On Wed, Sep 24, 2025 at 11:21 AM Rusty Dekema via NANOG <nanog@lists.nanog.org> wrote:
On Wed, Sep 24, 2025 at 11:39 AM Kurtis Heimerl via NANOG <nanog@lists.nanog.org> wrote:
sorts of setups are not used for jamming or disrupting cell networks (you'd just use a jammer), instead they are used for tunneling international VoIP traffic onto national cellular lines, allowing for (admittedly illegal) cheaper calls. Is that actually against the law in the US?
Wire fraud/theft of service, probably. Consumer cellular providers don't authorize resale of their services.

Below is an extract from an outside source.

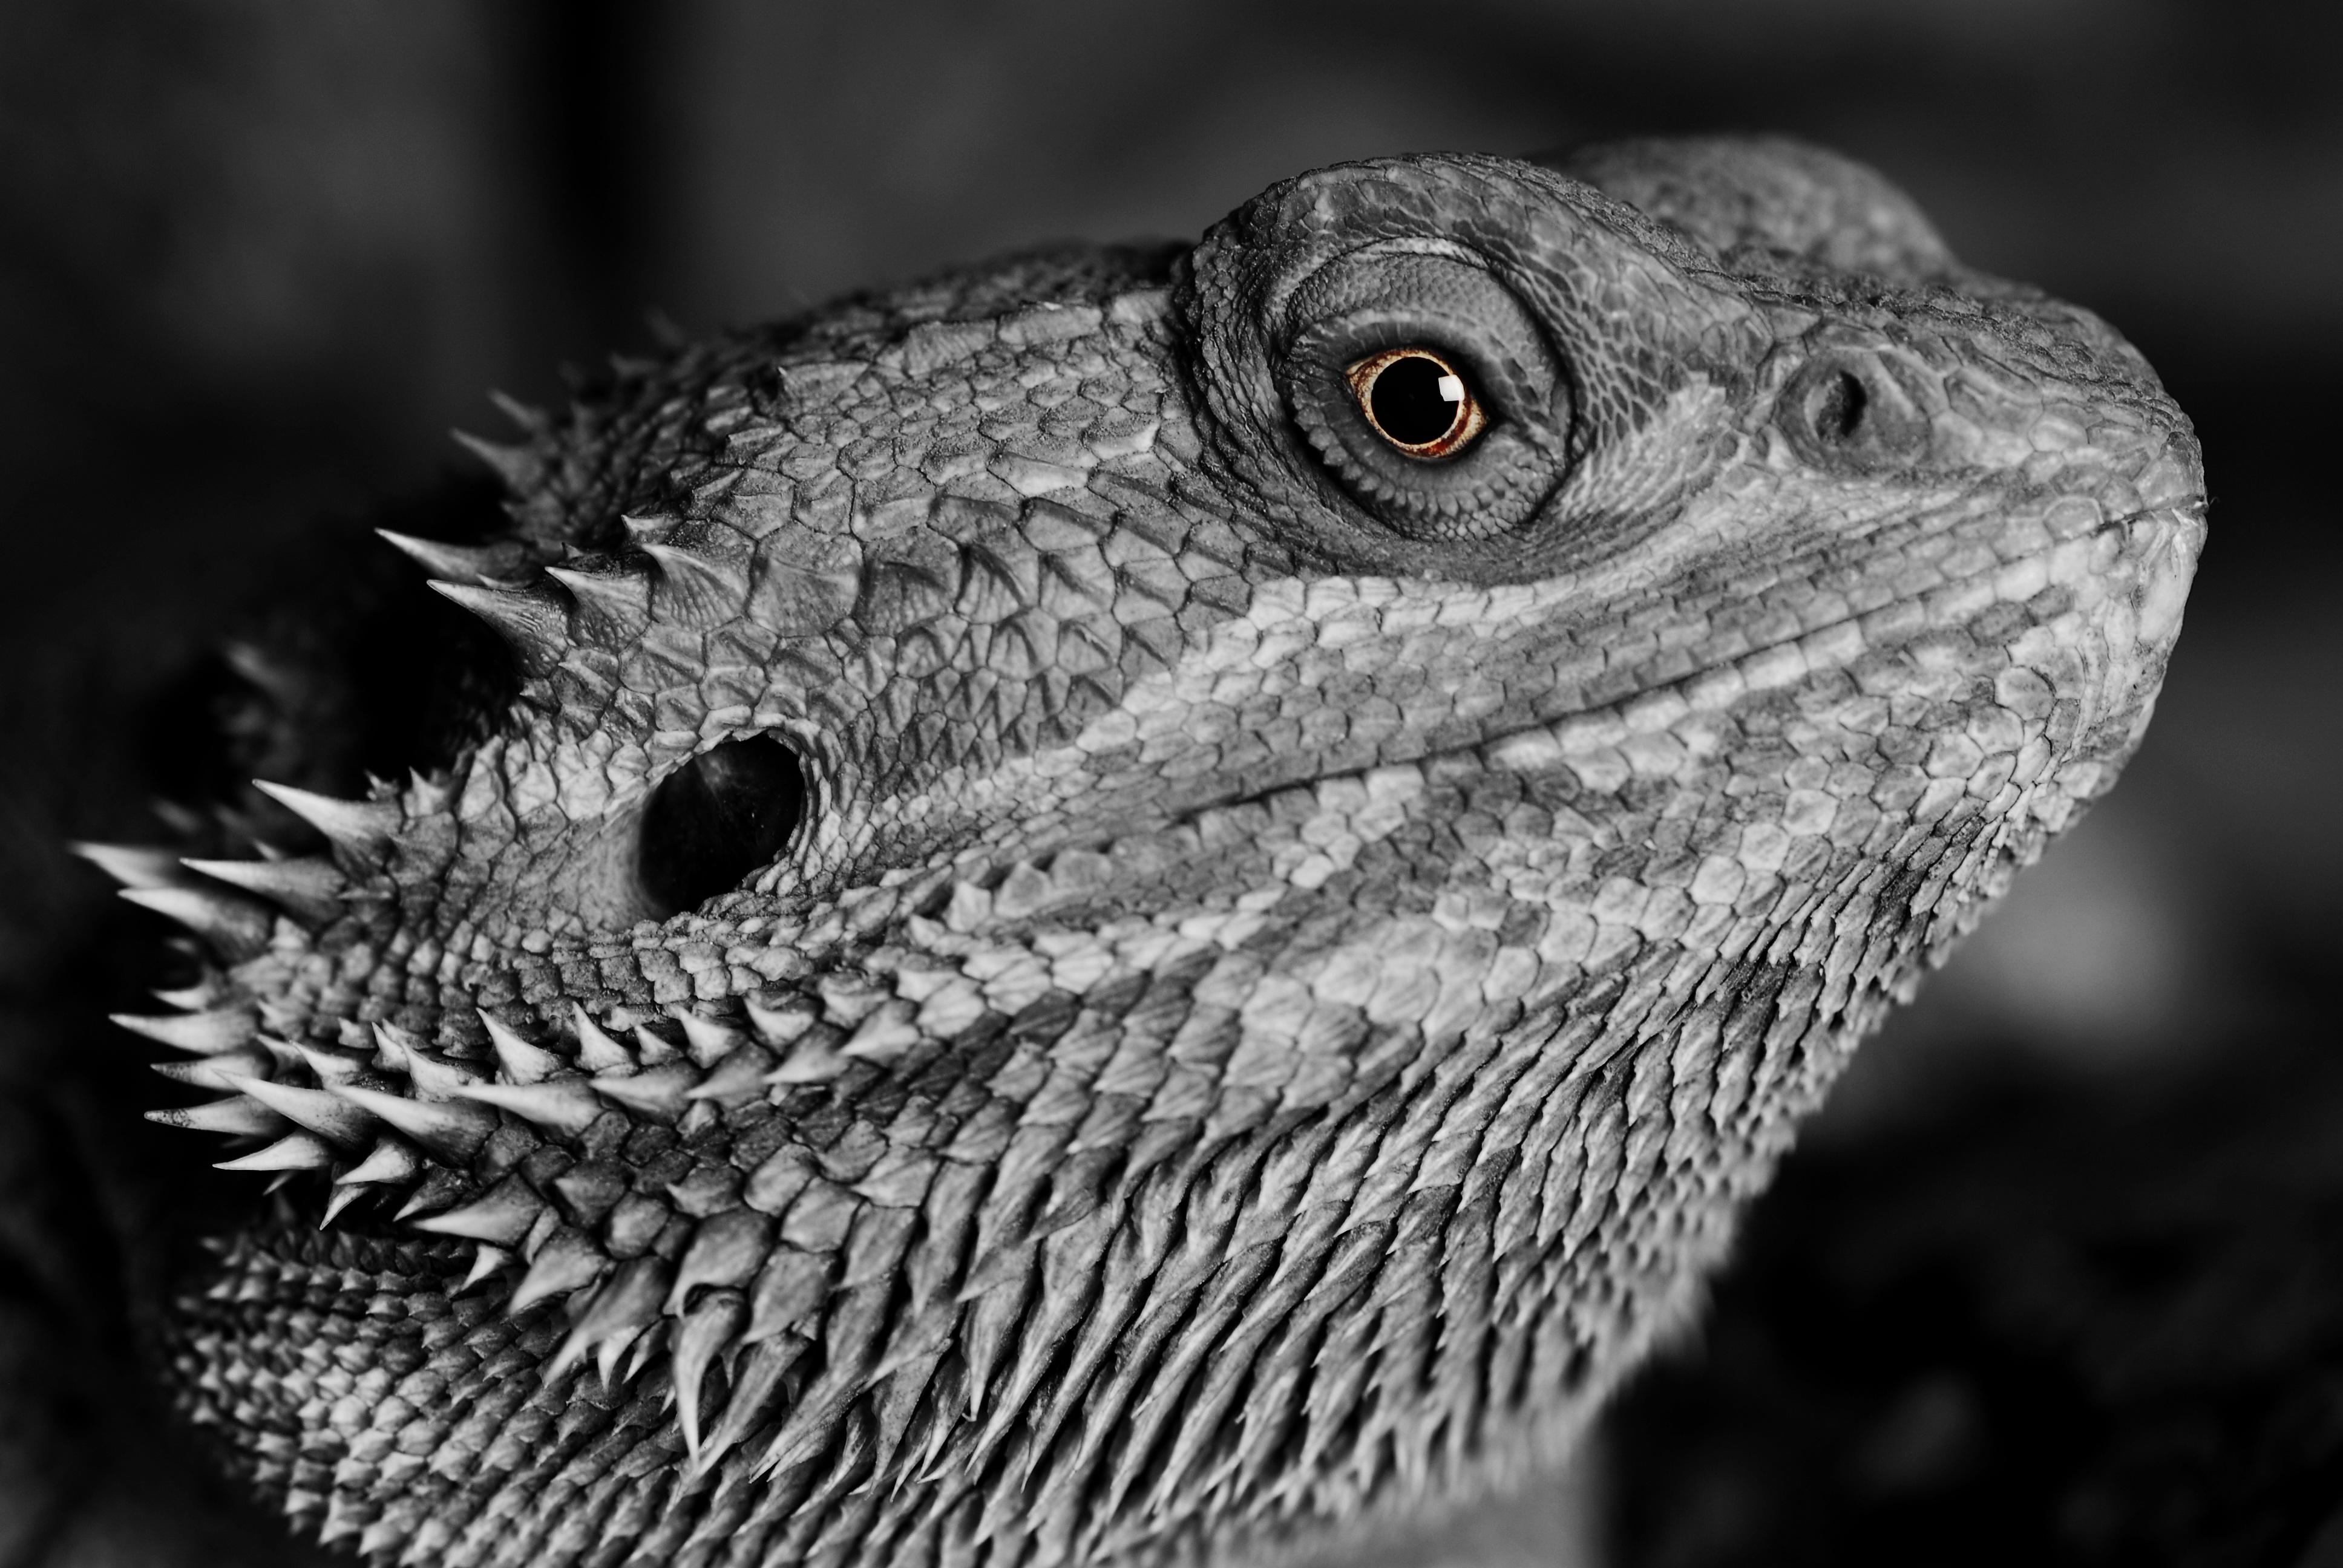 320x240 Lizard Reptile Monochrome 4k Apple Iphone Ipod Touch

Also US law forbids any type of willful or malicious interference against licensed or authorized radio communications. - https://www.law.cornell.edu/uscode/text/47/333 Presumably their investigation continues; As the news release is scant on details. That also means they can have seized gear finding extremely suspicious circumstances, but that they have not yet determined what exactly if any violations were being committed. Law enforcement simply has power to seize anything they want if their belief is strong enough. They could remove all servers in a large datacenter co-lo without warning due to suspecting one tenant of running a Tor node. The only potential barrier is finding a judge somewhere to sign off on an oath "Upon my belief based on information Officer B, told me that Officer C said that servers here contain evidence of a conspiracy promoting the illegal download of such and such pirated record albums" Etc, etc. Finding unauthorized radio signals coming from abandoned buildings is also already evidence of a trespass. So the law enforcement only has to have probable cause to suspect a violation, which is a low bar, then they can seize all potential evidence in order to investigate, and figure out of there are actually any violations much later after they've had time to disassemble all equipment and analyze the storage on its chips or disk drives for any past logs or configurations.